A. WHEN a certain method of determining the top of the pressure column is used, the conditions of most accurate measurement of varying volumes of gas are satisfied by making the column of mercury, which measures the pressure, equal in length to the part of the eudiometer which is filled with the gas. In the usual form of the apparatus, the pressure column has to be longer, which immensely increases the difficulty of securing uniformity of temperature.

B. To define the top of the pressure column, I use a Jolly-point enclosed in the barometric vacuum; this makes the probable error at the top of this column evanescent. The whole error of the tension is therefore produced by the same uncertainty which produces the error in the observed volume. If now the Jolly-point is put at about the level of the top of the eudiometer tube, the probable error of the tension is the same part of the tension as the probable error of the observed volume is of the observed volume. This is the condition of the maximum accuracy.

C. To preserve the barometric vacuum over the pressure column, I shut off this column from communication with the rest of the apparatus except at the instant of a measurement. The screw of the fine adjustment formerly described serves also this purpose. The vacuum is found to be even more permanent than that of a barometer.

D. An auxiliary pressure tube is employed for preliminary adjustment. The bore of this tube is but a millimetre, which secures two important advantages.

E. The eudiometer tube is graduated with fine lines not over the eight-thousandth of an inch wide, in half millimetres. The graduation is affected with no relative errors of the hundredth of a millimetre. A reading microscope is carried on a cylinder so solidly connected with the iron tripod of the apparatus that ten pounds produce a relative flexure of only a tenth of a millimetre. This microscope is brought nearly to the level of the mercury in the eudiometer when the column in the pressure tube reaches just to the Jolly-point. The microscope is made to give distinct vision.

of the graduation, and by Grunow's cathetometer fine adjustment, the terminal lines of the eye-piece micrometer are made to coin. cide with two millimetres of the graduation. The focussing movement now moves the microscope so that distinct vision is had of the meniscus, and the level of the mercury is read to the hundredth of a millimetre on the eye-piece micrometer, whose divisions now represent the divisions of the tube carried forward into its interior. A four inch objective, with an amplification of about sixty diameters, is thus utilized.

F. The probable error of this reading of the level of the meniscus cannot be separated from other probable errors incident to the observation, but the sum total of all the errors whatever is equivalent to no more than a probable error of one-hundredth of a millimetre in this determination: and in the calibration of the apparatus, made before much practice in the use of this reading arrangement, the probable error of a reading was the hundredth of a millimetre.

G. The probable error of a single determination of oxygen in air is less than the four hundredth of one per centum.

H. The method of measurement is adapted to rapid computation.

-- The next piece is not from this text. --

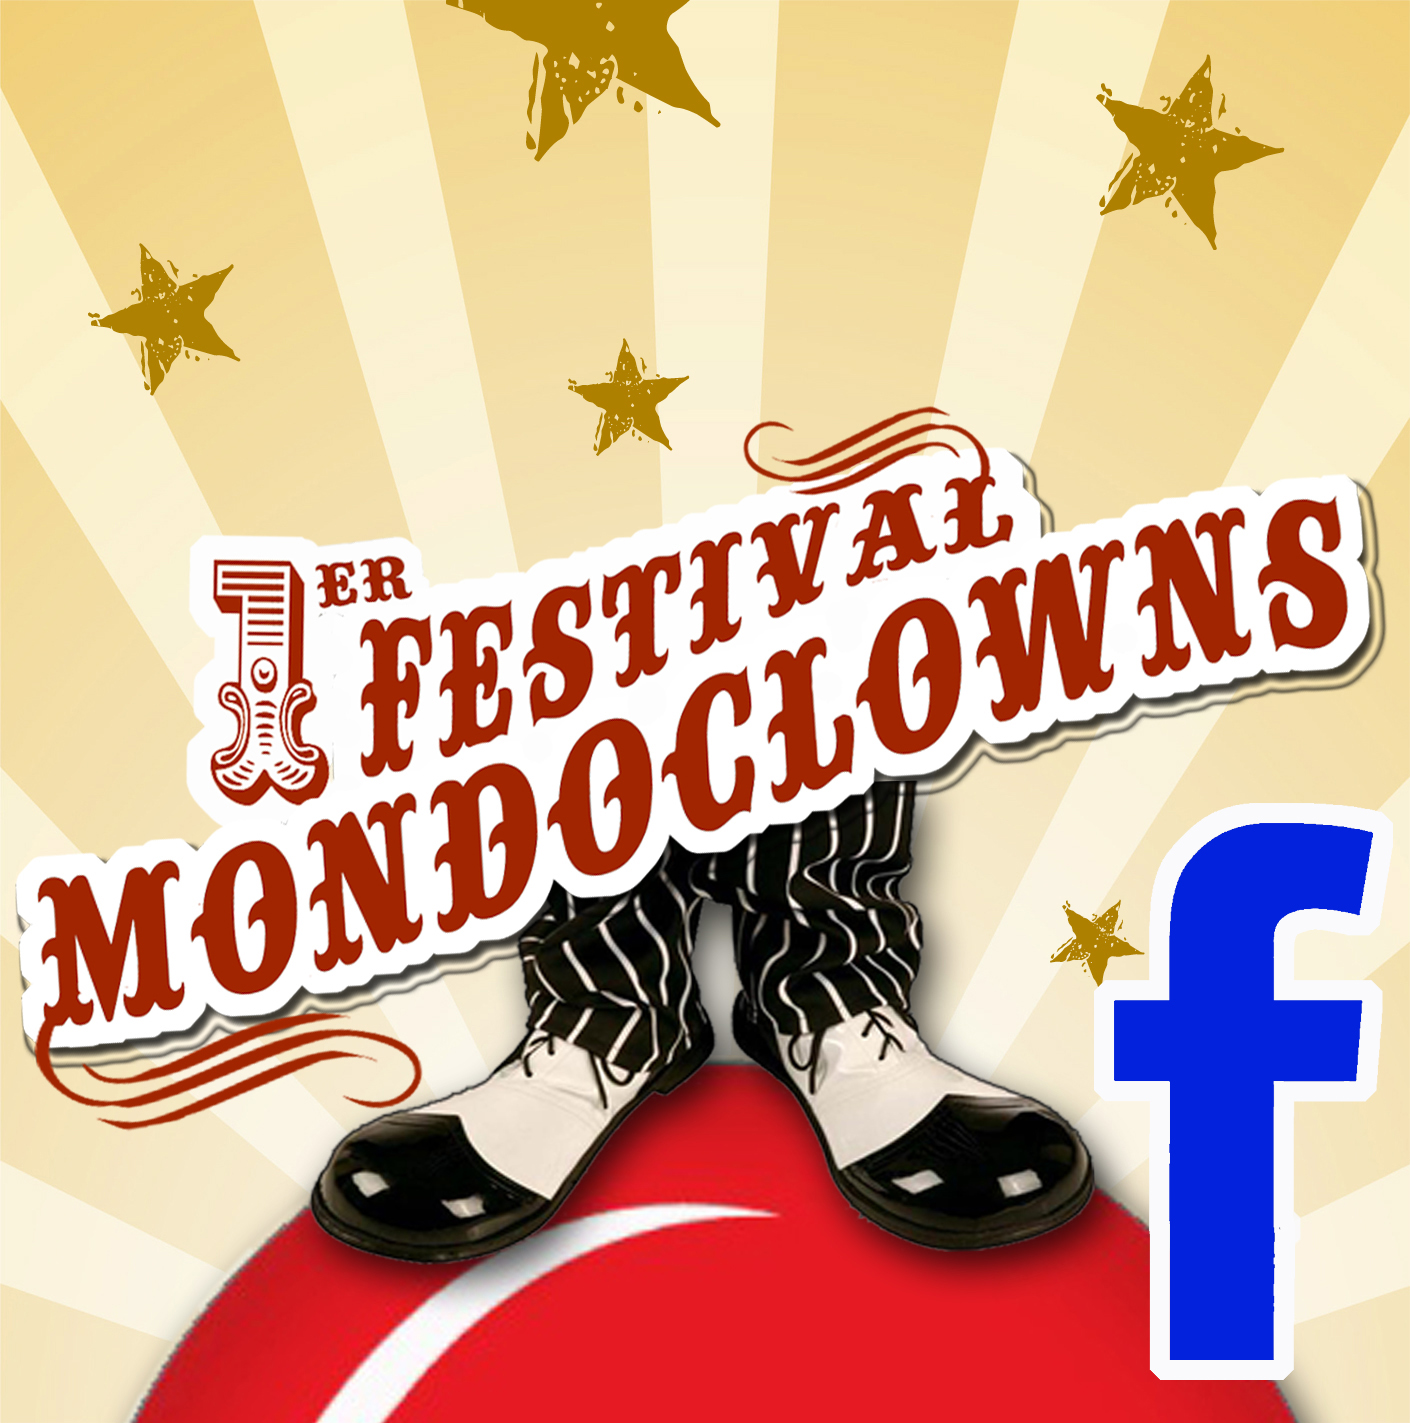 Mondoclowns

The whole reduction of three measurements in an analysis, so as to get the per centum of oxygen, takes less than two and a half minutes.

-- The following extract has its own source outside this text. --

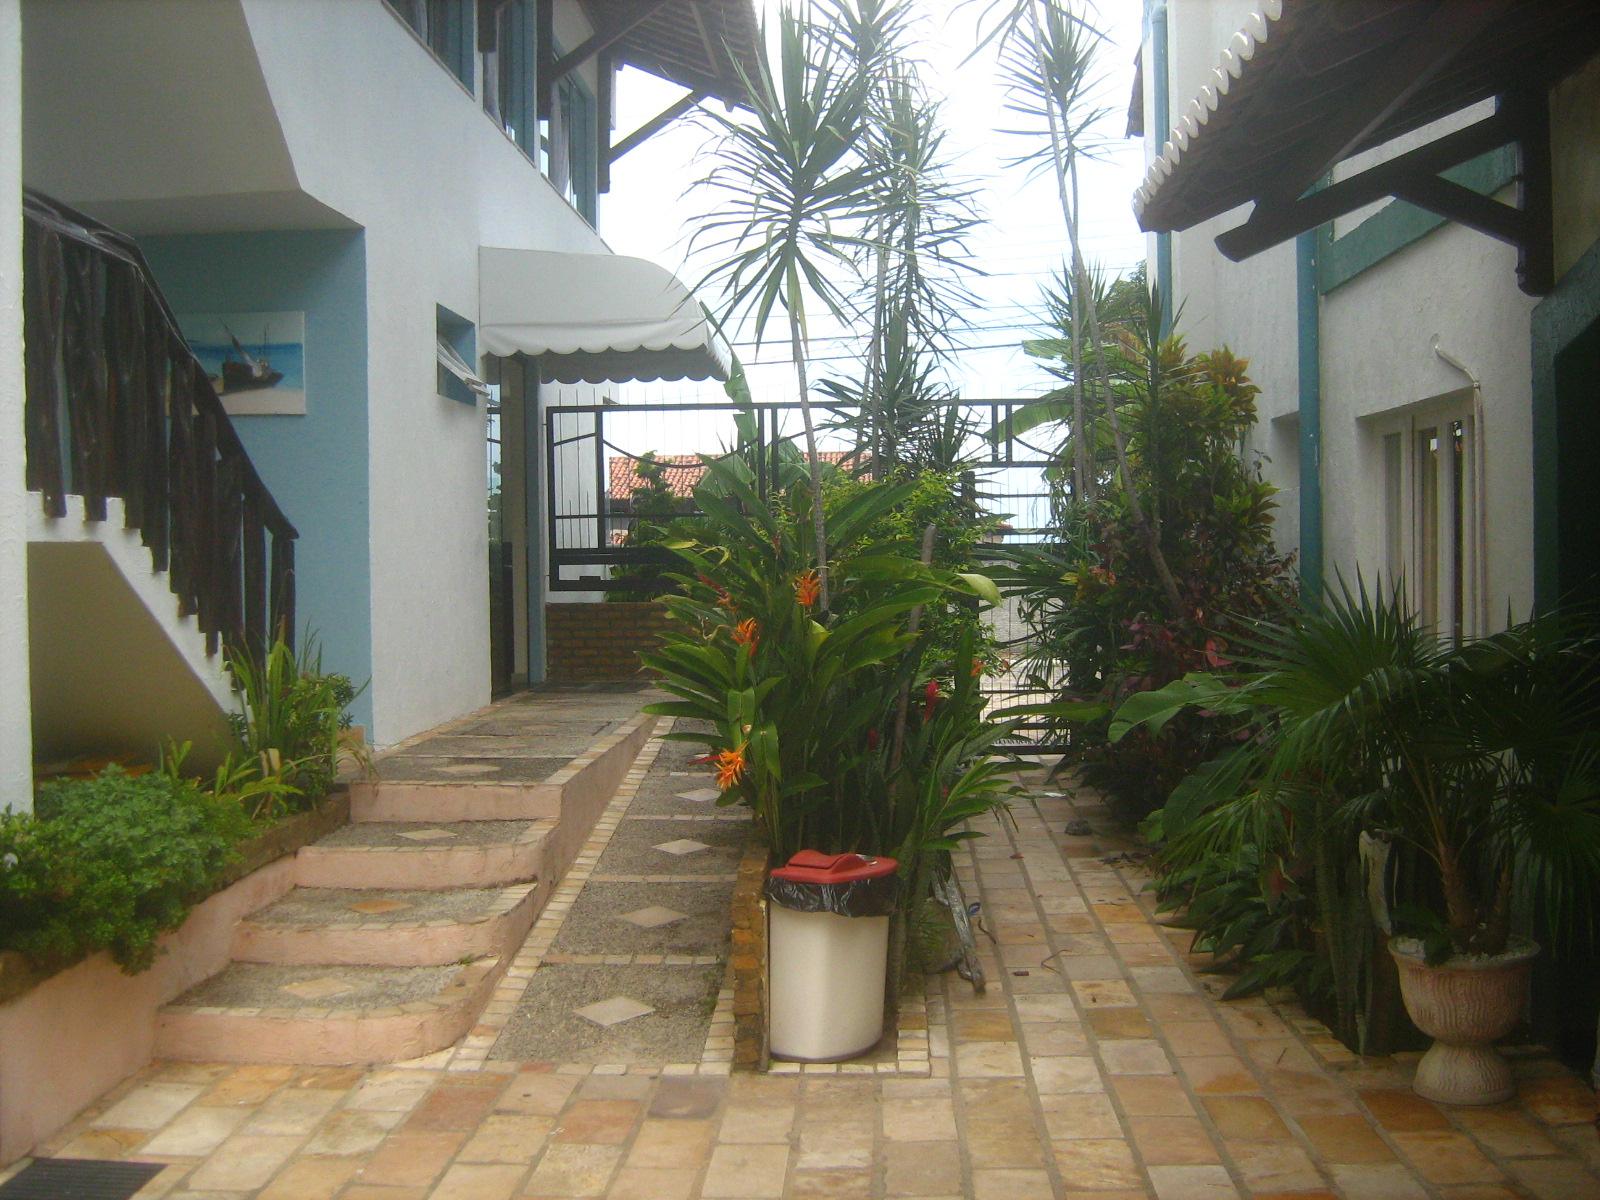 #634C2D VIAJANTE ESPECIAL: Pousada Areia de Ouro Natal RN 1600x1200 px piso banheiro idoso

NUMERICAL RESULTS FOR THE MEAN RATIO OF OXYGEN TO THE SUM OF OXYGEN AND NITROGEN IN ATMOSPHERIC AIR. By EDWARD W. MORLEY, of Hudson, Ohio.

[ABSTRACT.]

SINCE the proportion of oxygen to nitrogen in the air varies almost as incessantly as its temperature or pressure, the mean value can be accurately ascertained only by regular and continuous observation. The true value cannot be safely inferred from observations at irregular intervals.

A series of daily analyses in duplicate, continued for six months,

undertaken for a very different purpose, may therefore be of some interest as contributing to the knowledge of this constant.

The result is affected with errors depending on the following causes, the probable magnitude of which is well known.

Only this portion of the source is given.